Maiello v. City of New York

103 Misc. 2d 1064, 427 N.Y.S.2d 381, 1980 N.Y. Misc. LEXIS 2255
CourtCivil Court of the City of New York
DecidedApril 24, 1980
StatusPublished
Cited by2 cases

This text of 103 Misc. 2d 1064 (Maiello v. City of New York) is published on Counsel Stack Legal Research, covering Civil Court of the City of New York primary law. Counsel Stack provides free access to over 12 million legal documents including statutes, case law, regulations, and constitutions.

Bluebook
Maiello v. City of New York, 103 Misc. 2d 1064, 427 N.Y.S.2d 381, 1980 N.Y. Misc. LEXIS 2255 (N.Y. Super. Ct. 1980).

Opinion

OPINION OF THE COURT

Charles H. Cohen, J.

This is an action against the defendant City of New York by plaintiff wife to recover damages for personal injuries and by her husband, in a derivative action, to recover for medical services and expenses. There was a jury verdict in favor of the plaintiff wife but against the plaintiff husband. The plaintiff husband moved to set aside the verdict disallowing any recovery in the derivative action. The defendant moved to set aside the verdict in favor of the plaintiff wife on the ground that the notice of claim does not sufficiently describe "the place where” the claim arose as required by subdivision 2 of section 50-e of the General Municipal Law. With respect to defendant’s motion, it must be decided whether the notice was defective; if so, whether the defendant was prejudiced thereby; and if not, whether this court may disregard the defect.

THE NOTICE OF CLAIM

At the outset, it must be observed that compliance with section 50-e of the General Municipal Law is a condition precedent to a claim against a municipality. (Barchet v New York City Tr. Auth., 20 NY2d 1; see, also, Salesian Soc. v Village of Ellenville, 41 NY2d 521, 523; Visconti v City of New York, 45 AD2d 480, 481.) In an attempt to comply with this section plaintiffs served a notice of claim, which, in paragraph 3 stated: "The accident occurred on October 29, 1976, at approximately 1 p.m. on the public sidewalk on 36th Avenue between 24th Street and Crescent Street in Astoria, New York, as the claimant, Vivian Maiello, was walking on the sidewalk on the side of the street adjoining the Eliot Book Store toward Crescent Street. Claimant tripped over a defective raised sidewalk slab causing personal injury.”

With respect to "the place where” the claim arose, it is [1066]*1066stated that it took place "on the public sidewalk on 36th Avenue between 24th Street and Crescent Street in Astoria, New York * * * on the side of the street adjoining the Eliot Book Store”. It is noted that the phrase "toward Crescent Street” modifies the verb "was walking” and does not state where, between 24th Street and Crescent Street, the accident occurred.

IS THE NOTICE DEFECTIVE?

The court of Appeals in Purdy v City of New York (193 NY 521, 523-524), referring to an earlier notice of claim statute set forth the following general principle concerning what must be stated as follows: "The plain purpose of this statute, and of similar provisions in the charters of the various municipalities throughout the state, is to guard them against imposition by requiring notice of the circumstances of an injury upon which a claim for damages is made, so that its authorities may be in a position to investigate the facts as to time and place, and decide whether the case is one for settlement or litigation. The statute before us, reasonably construed, does not require those things to be stated with literal nicety or exactness, but it does require such a statement as will enable the municipal authorities to locate the place and fix the time of an accident. When a notice contains the information necessary for that purpose, it is a substantial compliance with the statute, but when it falls short of that test it is insufficient.”
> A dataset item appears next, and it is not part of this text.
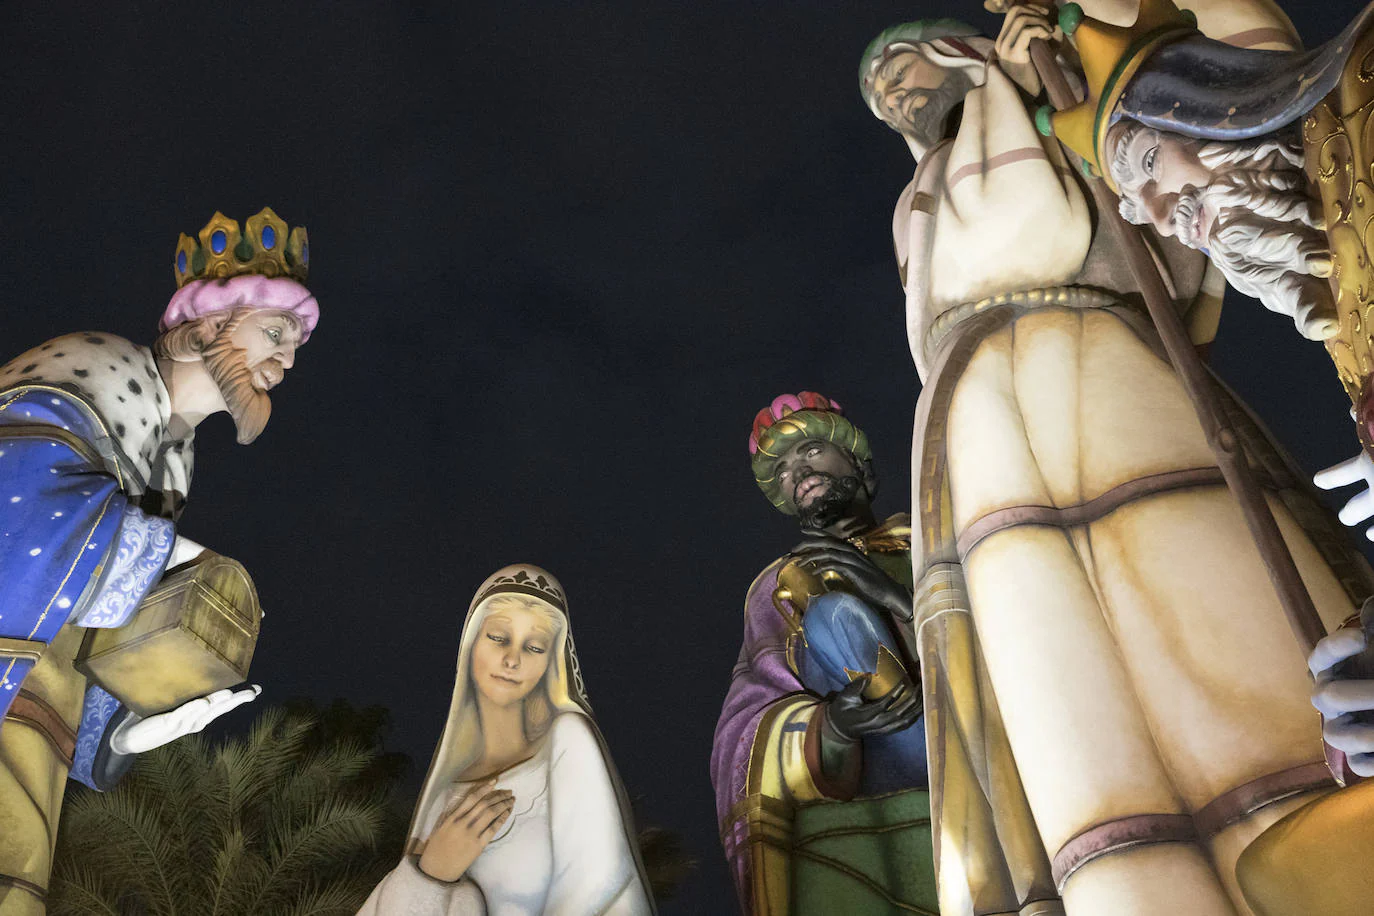 Fotos: Los Reyes Magos se incorporan al belén más grande del mundo en Alicante

In Rozell v City of New York (271 App Div 832), the Appellate Division, Second Department, declared that: "The description of the alleged defective part of the sidewalk as 'on east side of Troy Avenue between Prospect Place and Park Place, in the Borough of Brooklyn, City and State of New York’ was vague and rendered the notice of intention to sue fatally defective.” The kind of information set forth in the Rozell notice and in the notice before this court is the same. In each, reference is made to a sidewalk on a particular side of a named street between two named intersecting streets.

Beyer v City of North Tonawanda (183 NY 338), relied upon by plaintiffs, is distinguishable since the notice in that case did not merely state that the accident occurred on a particular side of a named street between two named intersections but further stated that it occurred "about half way” between the two named intersections.
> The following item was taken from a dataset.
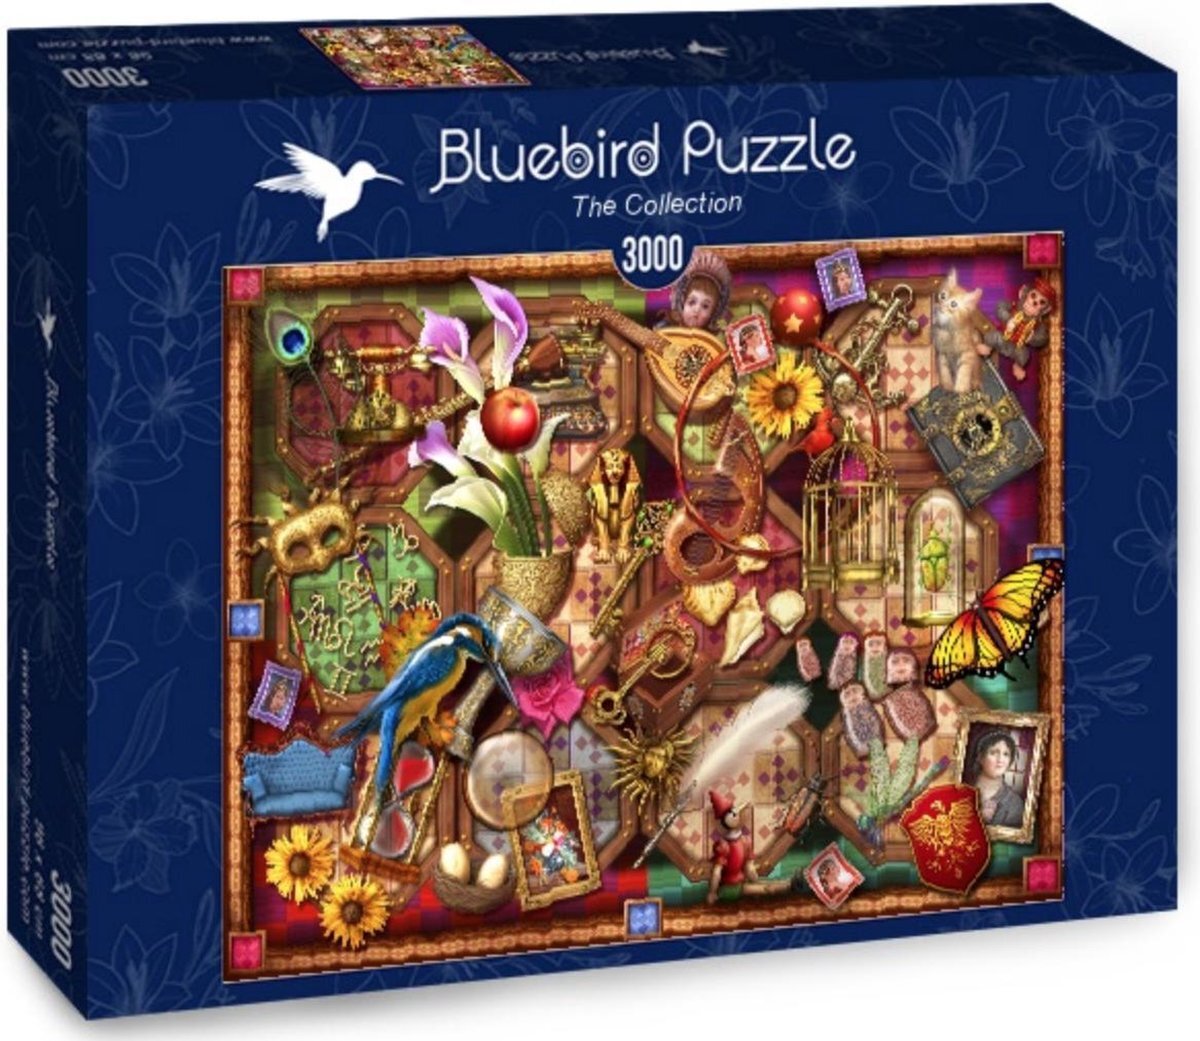 Bluebird Puzzle Ciro Marchetti legpuzzel The Collection 3000 stukjes

Of particular interest is Schwartz v City of New York (250 [1067]*1067NY 332), also relied upon by plaintiffs. In that case, the notice claimed negligence of defendant’s employees " 'in permitting a fire to be made in St. Mary’s Park on St. Ann’s Avenue and 141st Street in the Borough of The Bronx, near where said infant was sitting at said time’ ” (supra, p 334). The court stated that "The real question is whether the notice is defective through its omission to state the particular place in the park of thirty-two acres where the accident occurred” (supra, p 334).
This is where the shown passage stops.